Thursday, August 1, 2013

18 Month Well Expat Checkup

Selena Jones
I've been wanting to do one last Well-Expat Checkup now that we've reached the 18 month mark.  I'm no longer a baby expat and now I'm just an American living in the UK.  But it's a post I've struggled with.  I don't really know what to say about it.  Now it's just my life.  Sure there are still challenges and regular surprises, but it's no longer all consuming. 

I went back and read through my other expat musings and checkups.  It made me smile and even shed a tear or two. 


Getting Ready!  
Honeymoon Phase
Comfort Zone
1 Month Well Expat Check Up
Lose the Attitude
2 Month Well Expat Check up
3 Month Well Expat Check up
Get Out your Mini Violins
A Hug for You 
6 Month Well Expat Check Up 
One Year Well Expat Check Up

I was told over and over that it would take about 18 months to feel settled and they were right.  I feel settled. 

I'm still dealing with challenges, but they are just everyday challenges.  Living a healthy lifestyle.  Finding self love and fulfillment.  Maintaining a vibrant and loving marriage  Connecting with family members.   Nurturing friendships.  Personal growth.  Keeping a sense of humor and passion for  life.  Those are universal challenges that we face no matter where we live. 
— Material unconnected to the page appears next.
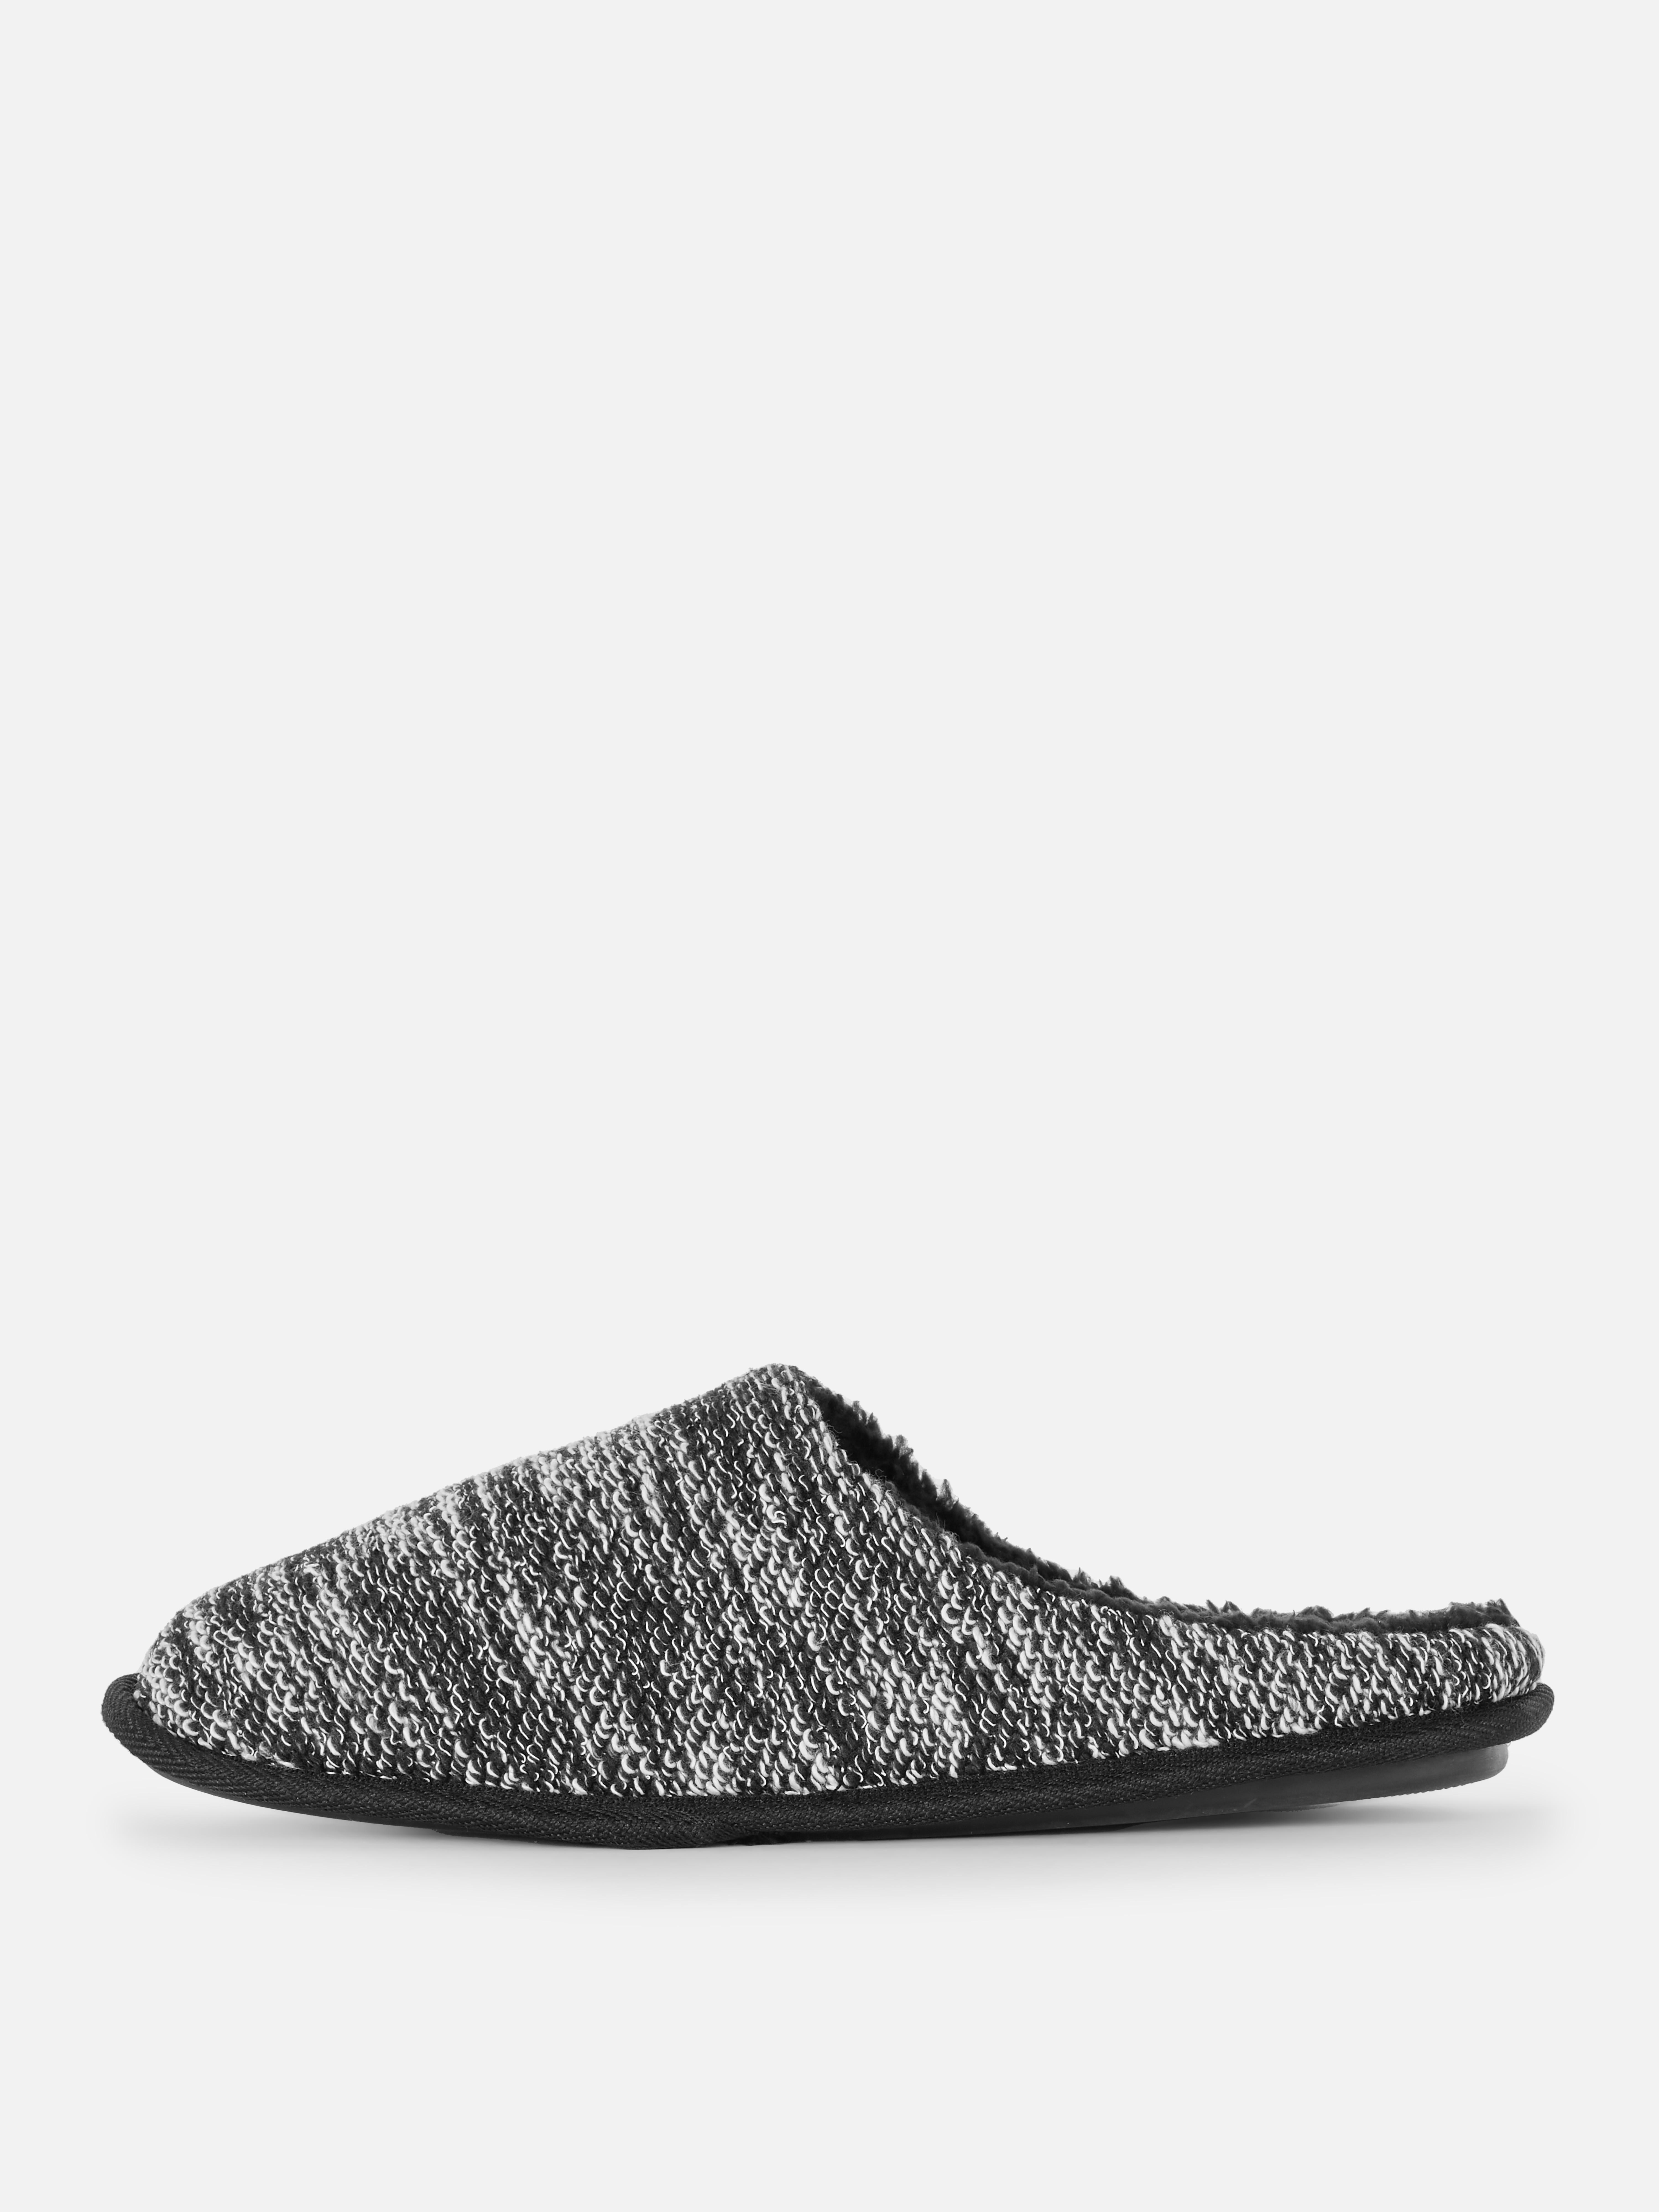 Textured Mule Slippers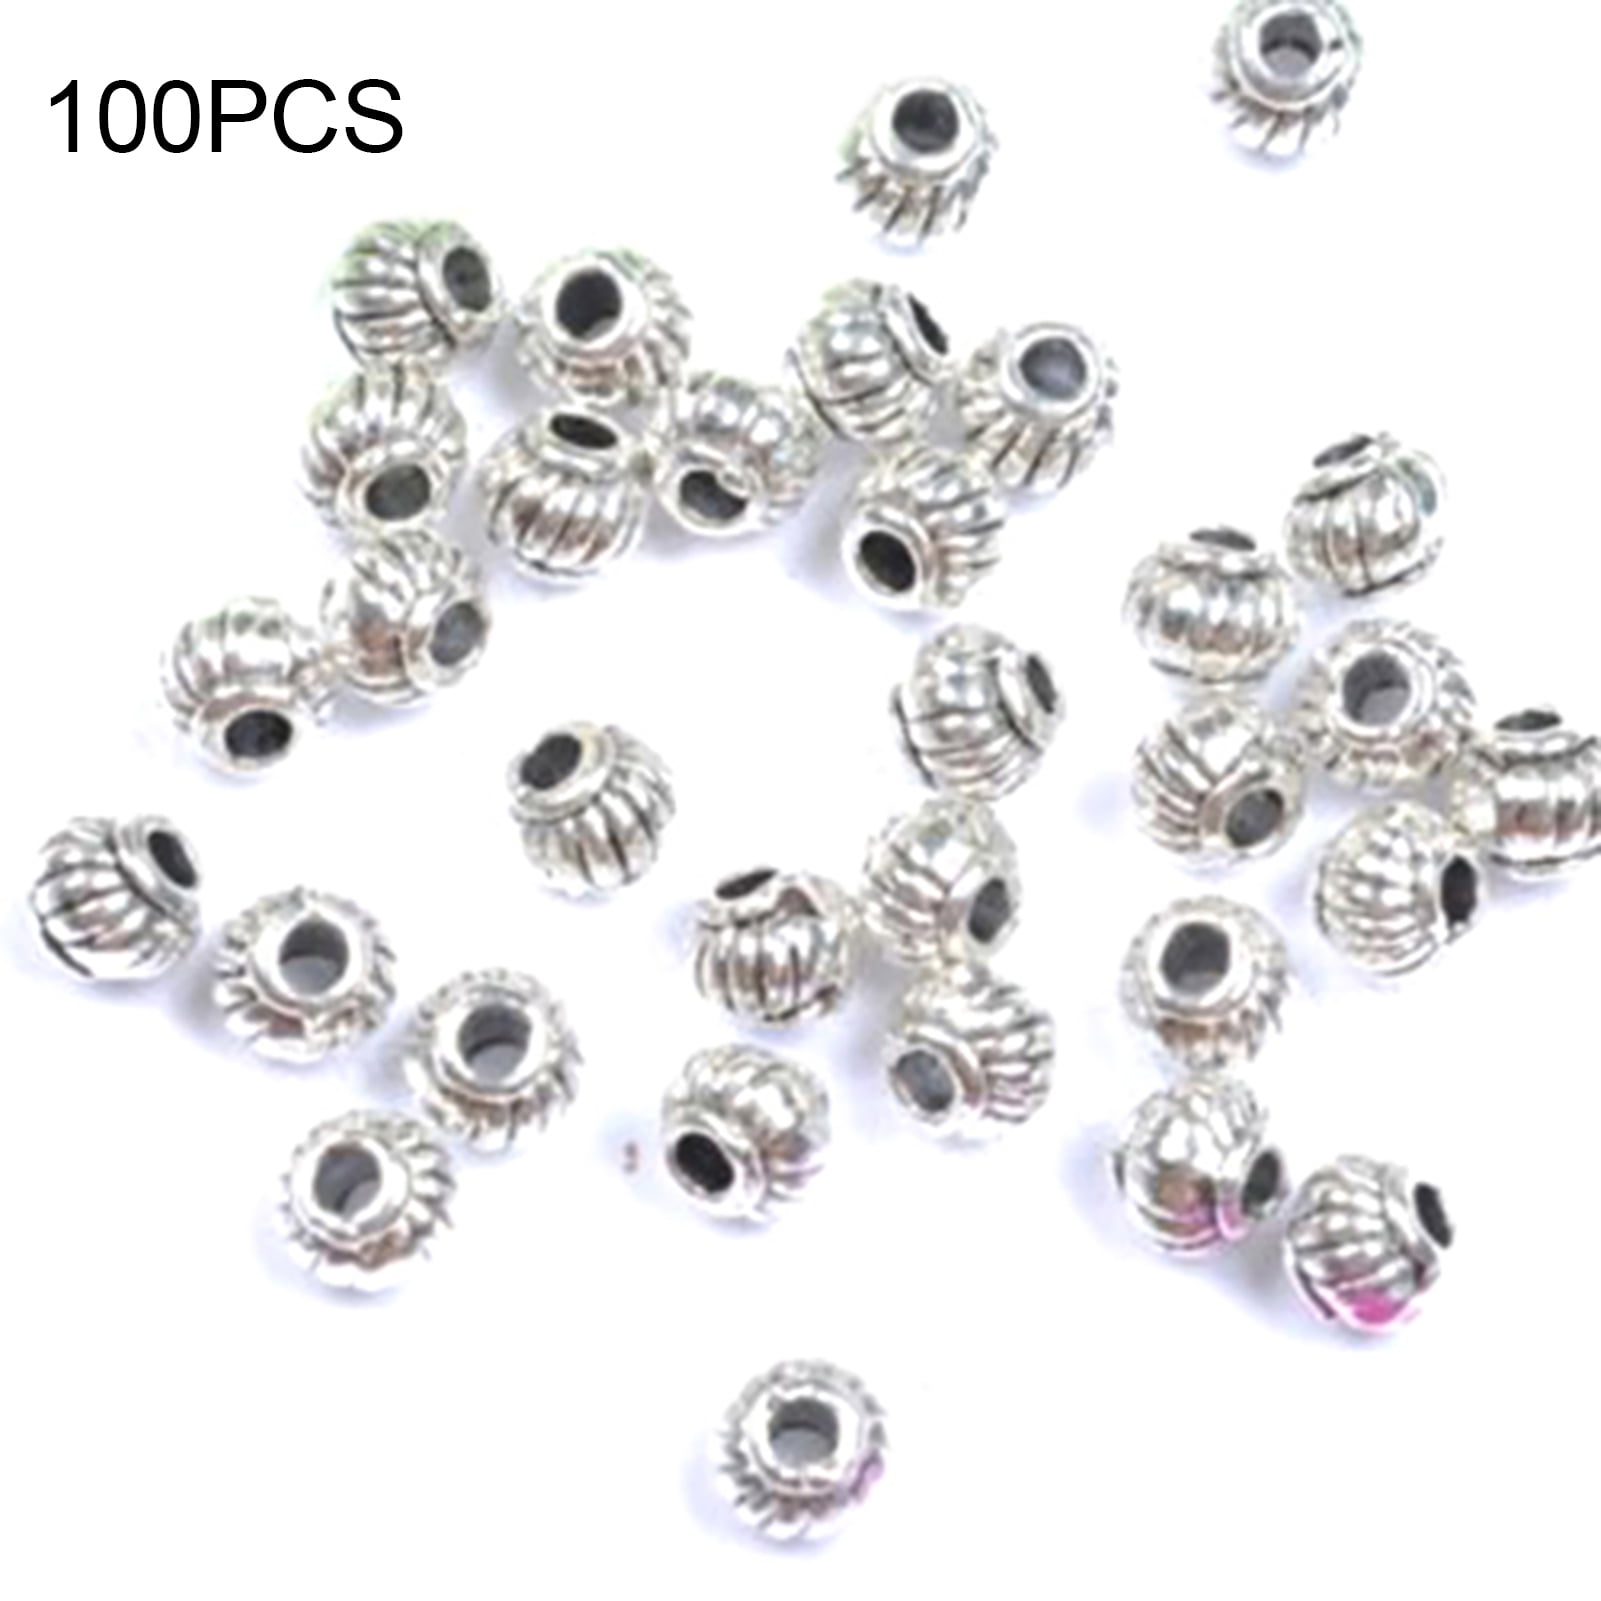 40 New Tiny Flower Charms Tibetan Silver Tone Spacer Beads 8mm

As I look back over the transition, these four things stand out for me.


Biggest Challenge

I knew the weather would probably be a challenge.  Everyone has an idea about rainy, gloomy London (which is not the norm).  That wasn't really an issue for me until the really tough spring recently.  And the very short days and the darkness of the winter affected me much more than I ever expected.  But, I have to say the biggest challenge was the loss of my voice.  My self-confidence took a huge hit when I moved here.  I've talked to some other expats who experienced the same thing.  I was suddenly very self-conscious about what I had to say and how I communicated.  It's not just about the accents, but about the context and characteristics of another culture.  There are some really subtle differences that are sometimes hard to pick up on .  I always felt a few beats off the music.  But, this is definitely getting better.  Building friendships and a social life has helped immensely. 

Worst Thing

Every expat will tell you that the worst thing is living so far away from those that you love.  It's so difficult.  I miss my parents, I miss my brother and his family.  I miss my friends.  I miss my daughter Jessica.  It's just an ache that really never goes away.  It's always there.  Always a little piece of me missing.  There is an unseen thread that connects her to me, attached to our cores.  Sometimes it's floating softly and comfortably in the distance between us.  Things are okay and we are connected.  Sometimes the thread snaps tightly and wakes me from a sound sleep.  She isn't here.  Is she okay.  What is she doing, thinking, feeling right now?  Sometimes I desperately want to grab the cord that connects us and pull quickly hand over hand to bring her to me.  She will be here in my mother's embrace in 35 days and it can't come soon enough  I miss my girl child.  (There will be a scene in arrivals at Heathrow.)

Biggest Lesson

I think the biggest lesson is that you are never too old to embrace a new chapter in life.  If you'd have told me even three years ago that I would be married to a Brit,  living in London and publishing a travel blog.  I would have laughed and said, "Whatever."  And yet here I am living a completely new and wonderful chapter in my life.  I've found a passion for travel and I'm lucky enough to share it with a wonderful man.  I've discovered photography and blogging which gives me so much joy.  In spite of the struggles, I feel like I'm living the life that I was meant to live.   I'm still thrilled to discover what the future holds.  And it's so true.  Life happens outside of your comfort zone. 

Best Thing

The best thing has to be the discovery.  I'm growing and learning so much everyday.  I've always said that my favorite thing to do is anything for the first time.  And moving out of my comfort zone means that I'm regularly having those experiences.  I love every second of it.  I love England and London.  Just being here gives me a charge.  It's beautiful!  And the connection to stories and history is fantastic.  The fact that travel is such an integral part of life has completely changed me and  I love being an expat. 

So this will be my last well-expat checkup.   I'm sure I will continue to learn and grow as life moves forward.  And I'm sure I will continue to be challenged and live outside of my comfort zone.  At least I hope so.  But it's time to end the Well Expat Checkups.  


I was helped so much along the way by those who had gone through this before me. Thank you so much.  And now I love getting emails and comments from people that are just setting out on this journey.  Any help that I can give to others I'm happy to give.  Even if it's just a cyber hug and a knowing nod to what you are going through.  Feel free to reach out and send me a note.  I'd love to hear from you.  


What was your biggest challenge? 
What's the best thing about being an expat?